**Data below**.
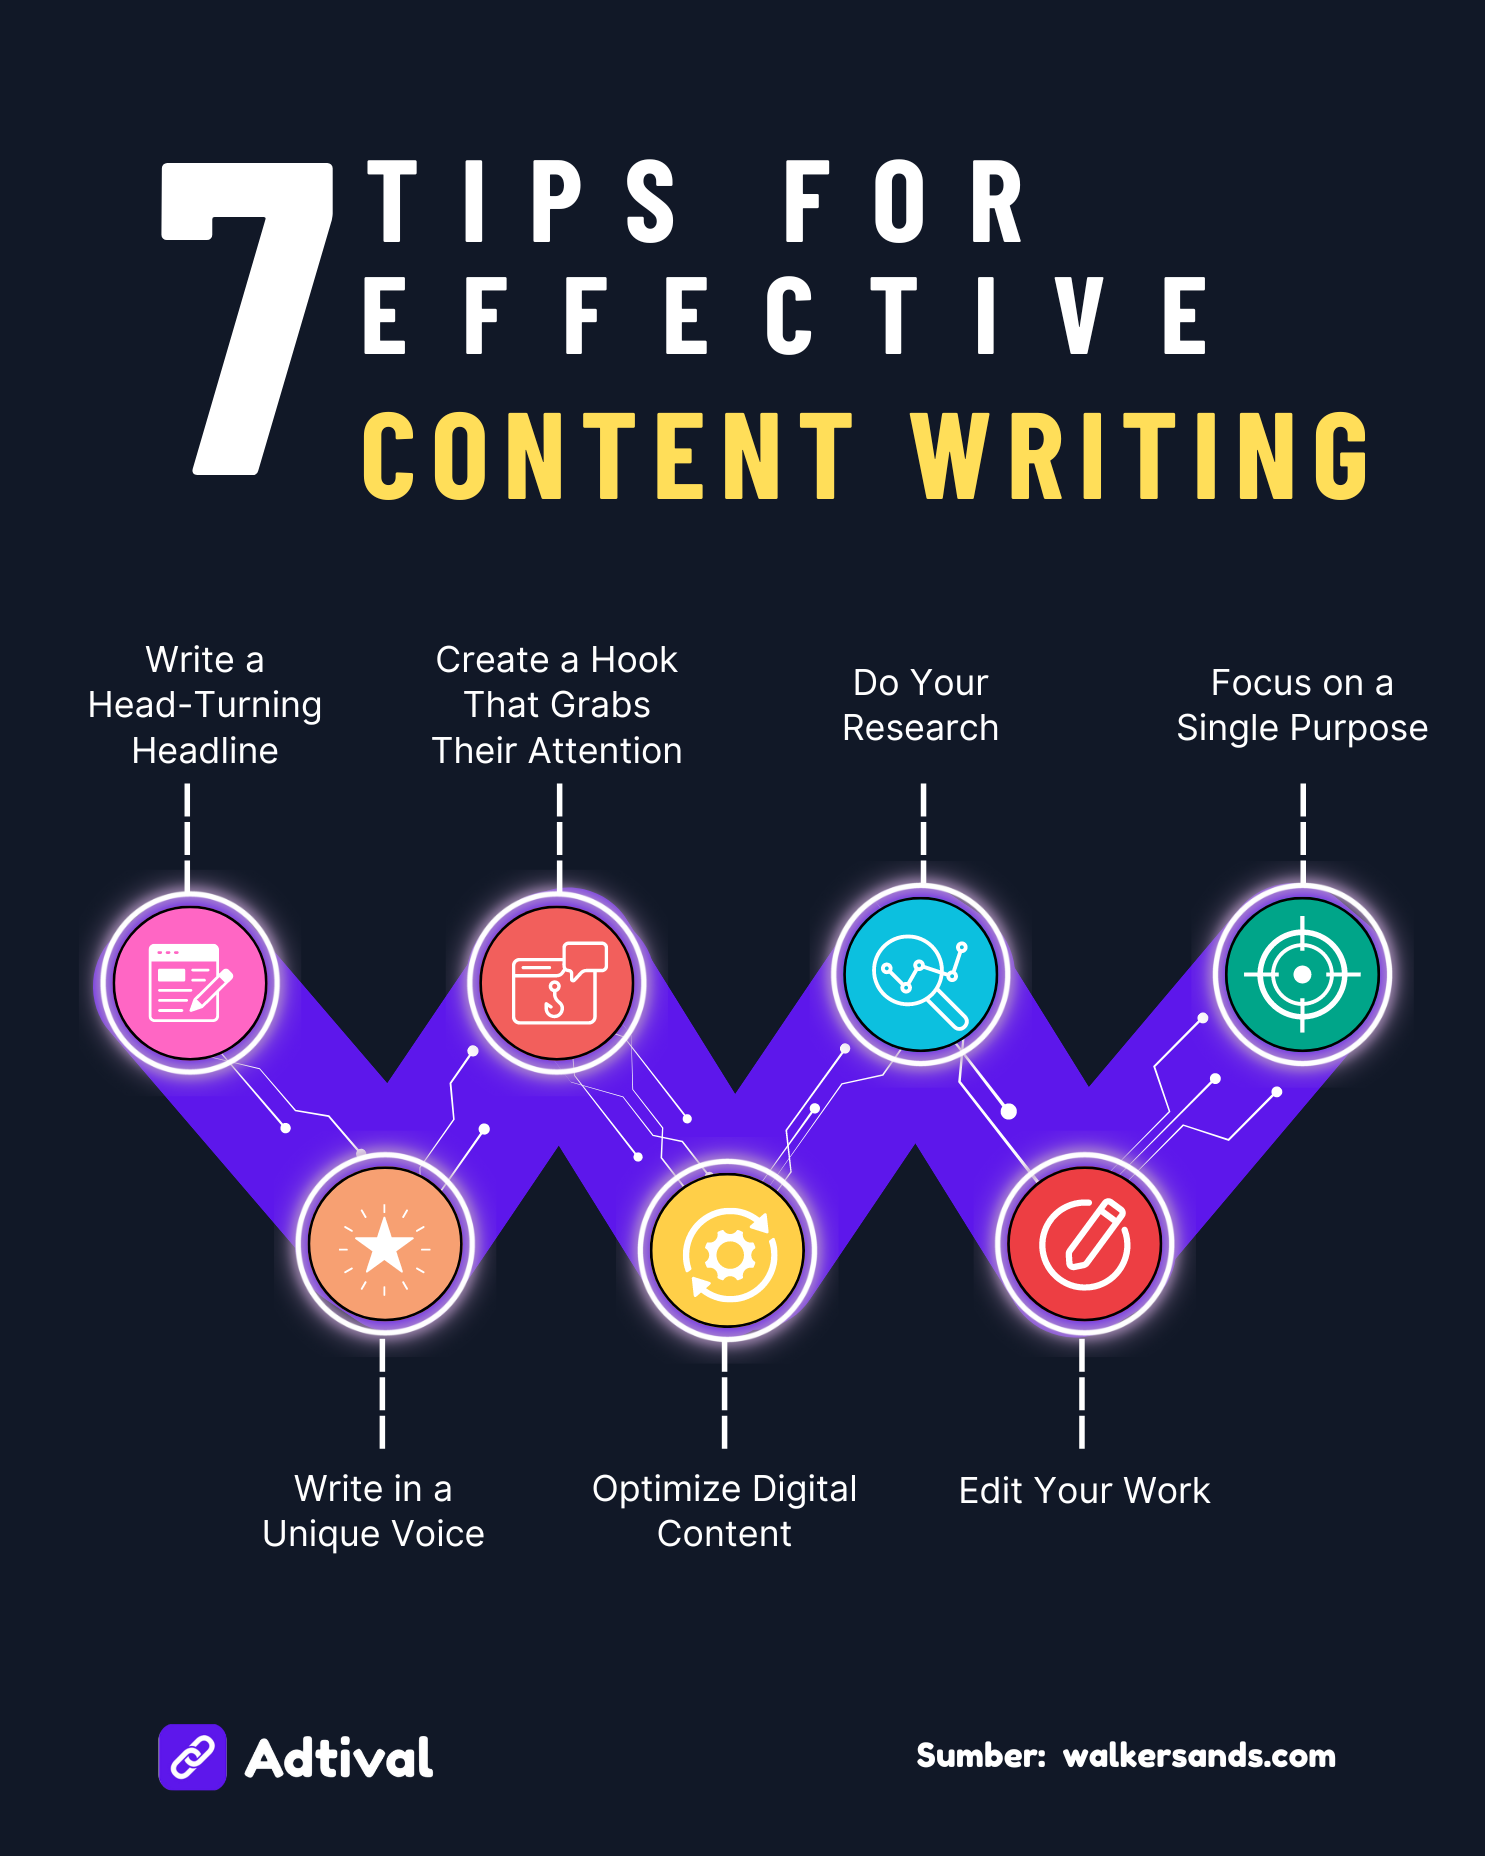 7 Easy Tips for Effective Content Writing
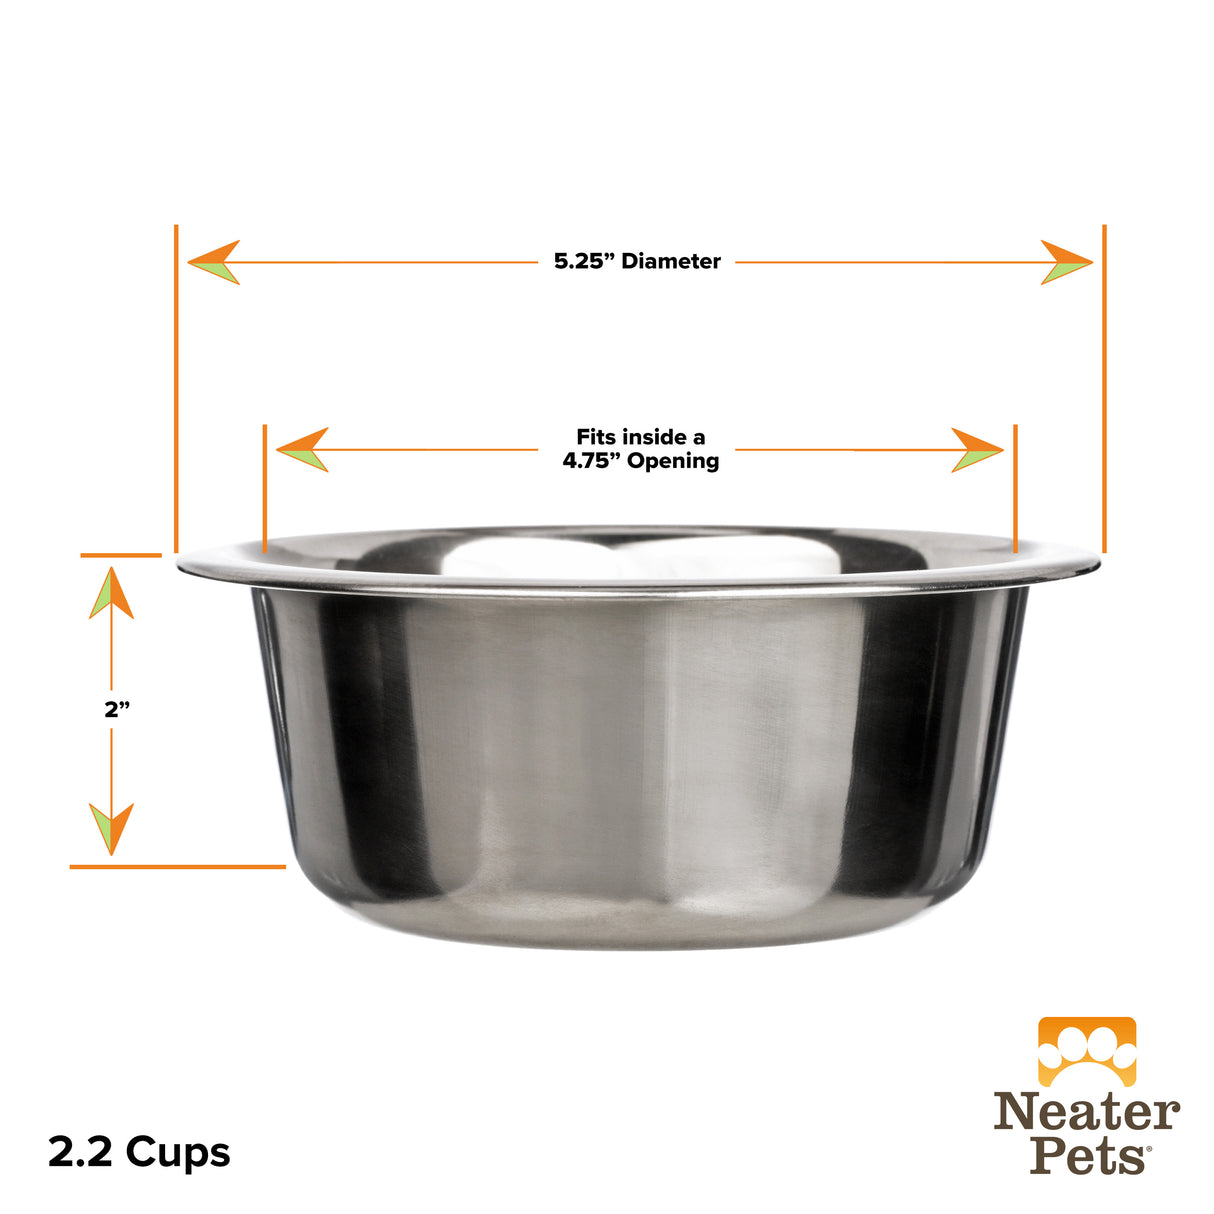 Stainless Steel Bowl 2.2 cup dimensions
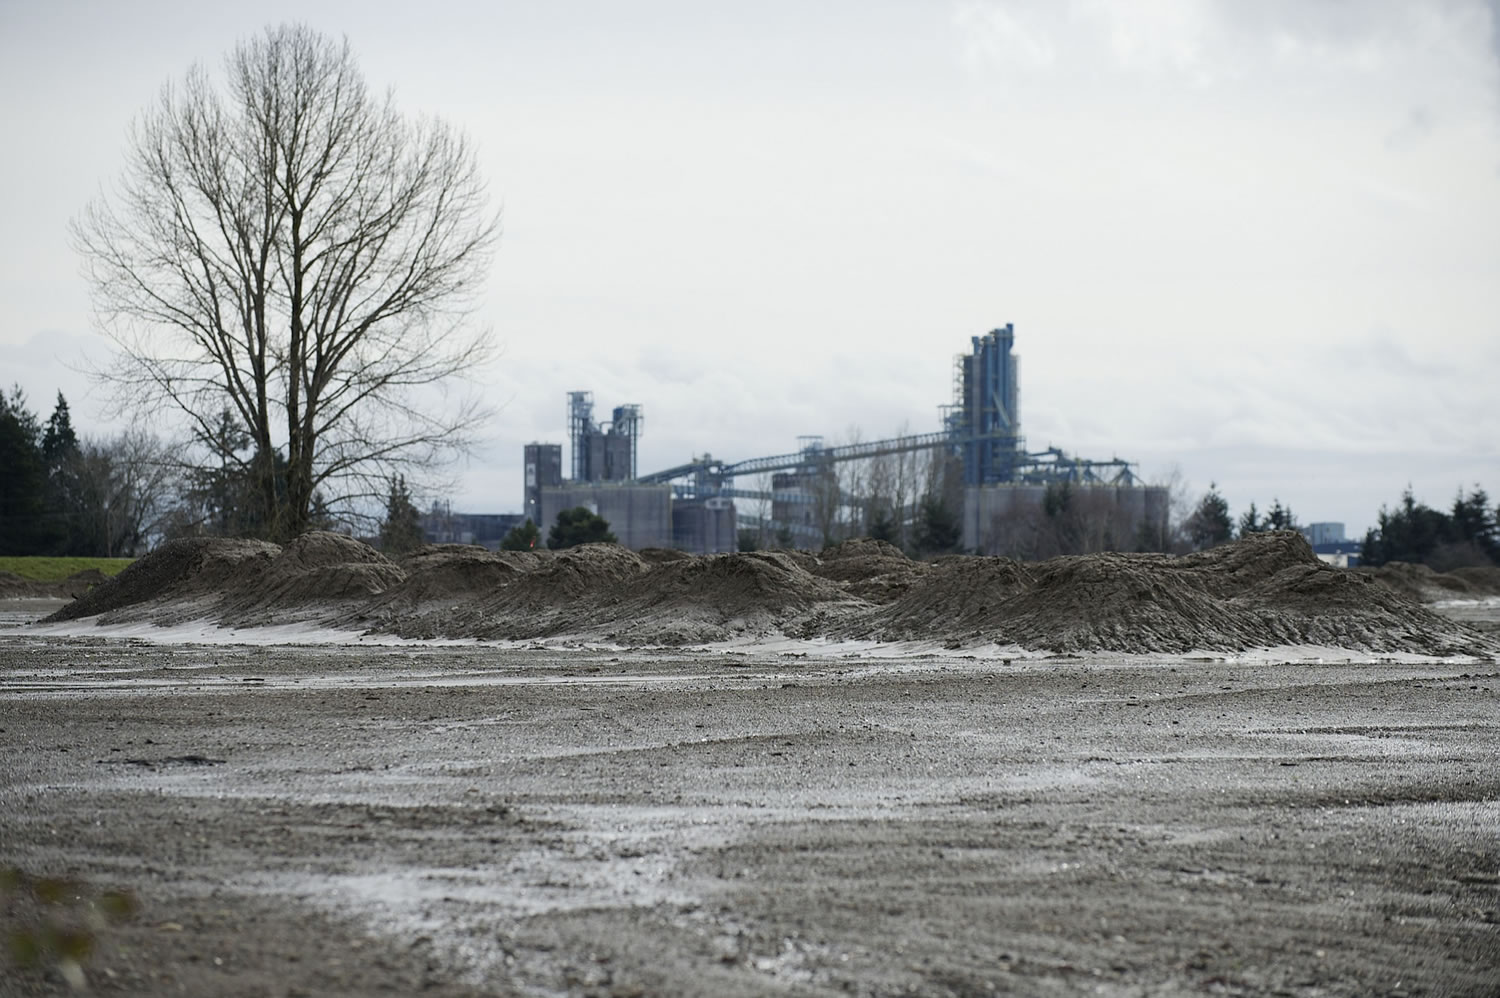 Vancouver-based Sunlight Supply is proposing a manfacturing facility and office on this site in the Port of Vancouver's Centennial Industrial Park.
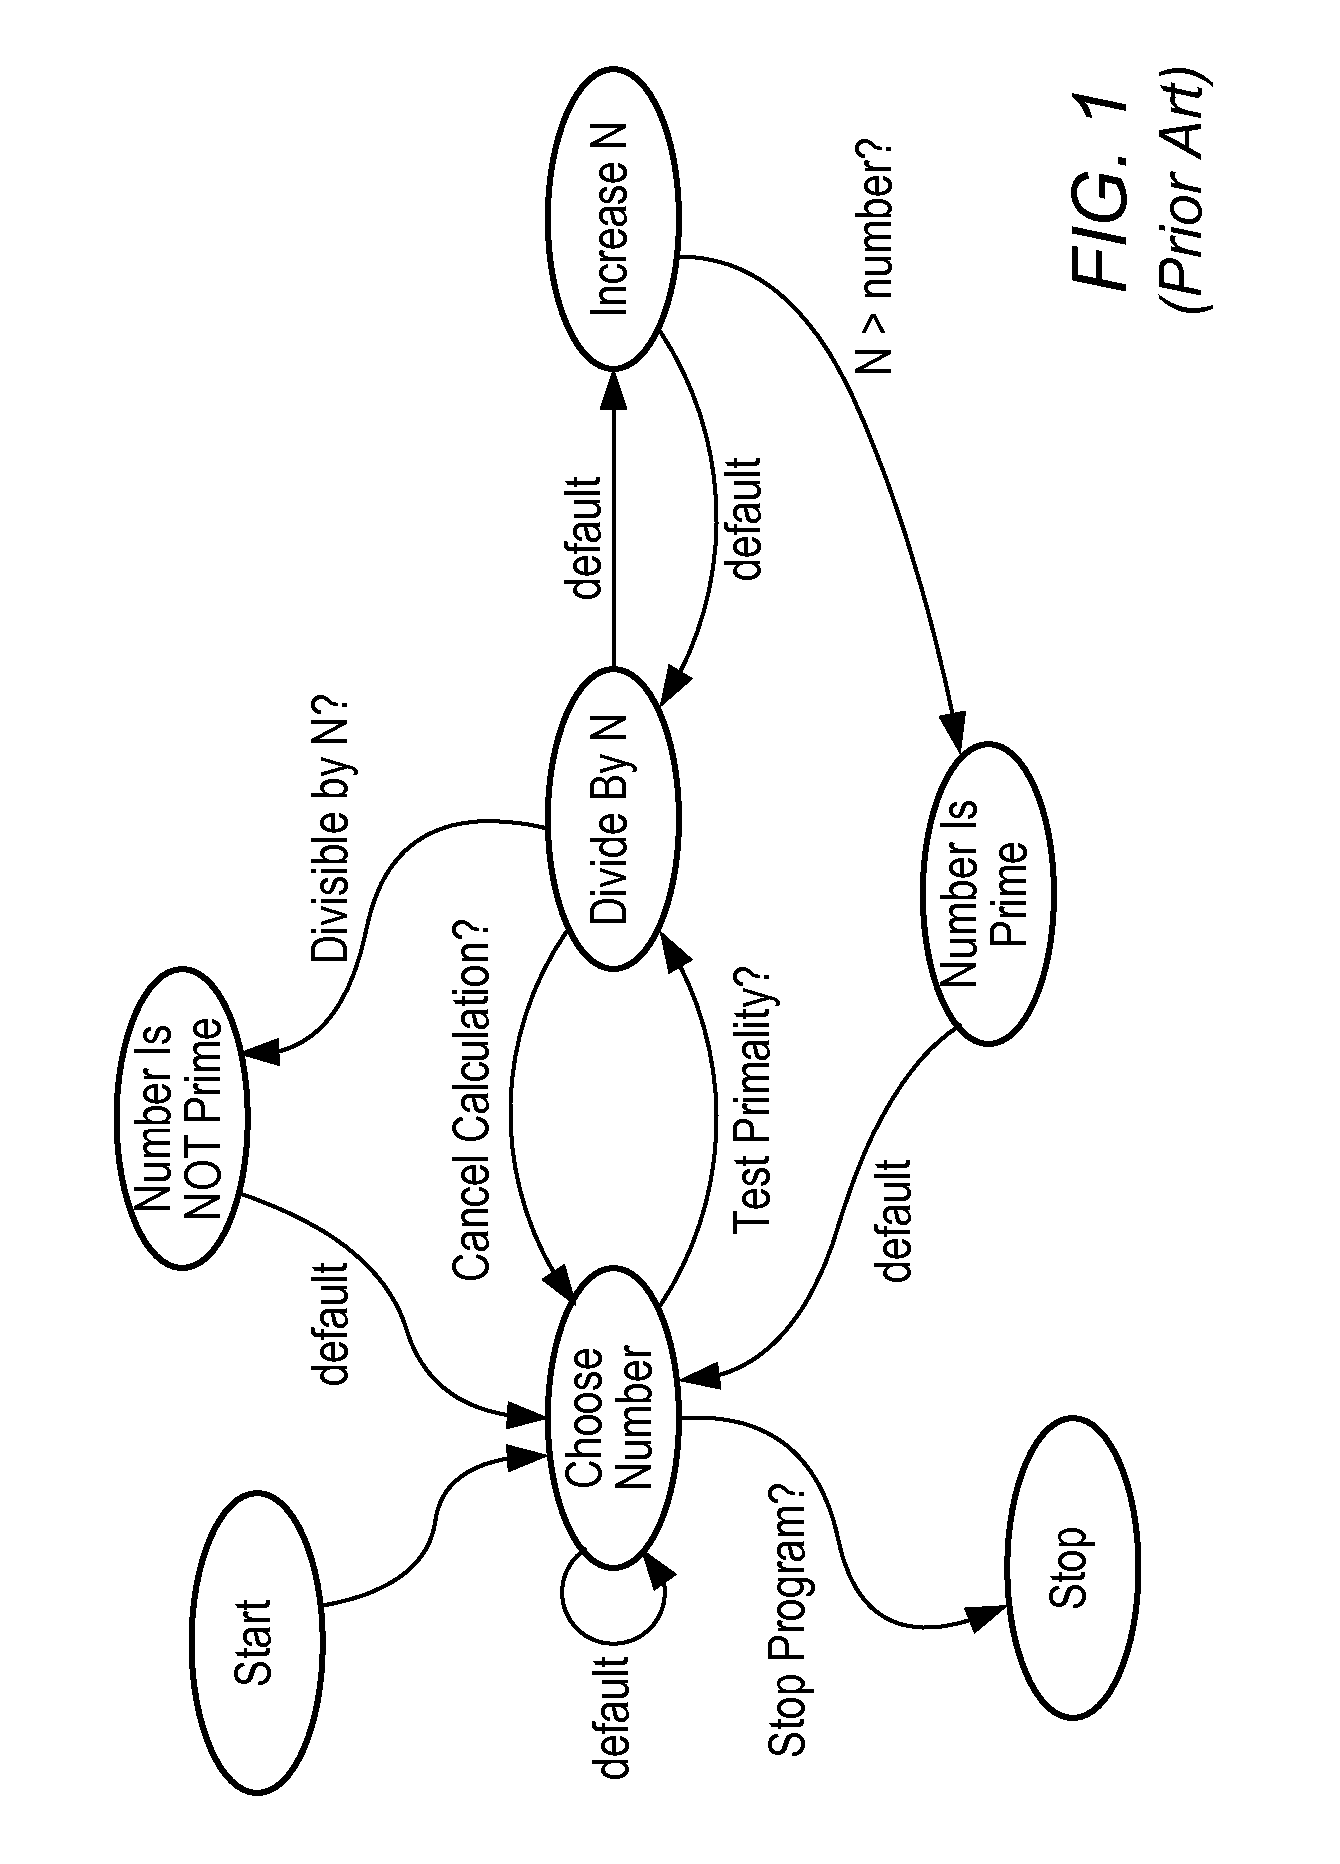 Generating a Hardware Description from a Graphical Program in Response to Receiving a Diagram with States and State Transitions

**Activity**.
Down to the last line, print the material exactly, but not its pictures.

**Task output**.
 7 Easy Tips for Effective Content Writing
 Stainless Steel Bowl 2.2 cup dimensions
 Vancouver-based Sunlight Supply is proposing a manfacturing facility and office on this site in the Port of Vancouver's Centennial Industrial Park.
 Generating a Hardware Description from a Graphical Program in Response to Receiving a Diagram with States and State Transitions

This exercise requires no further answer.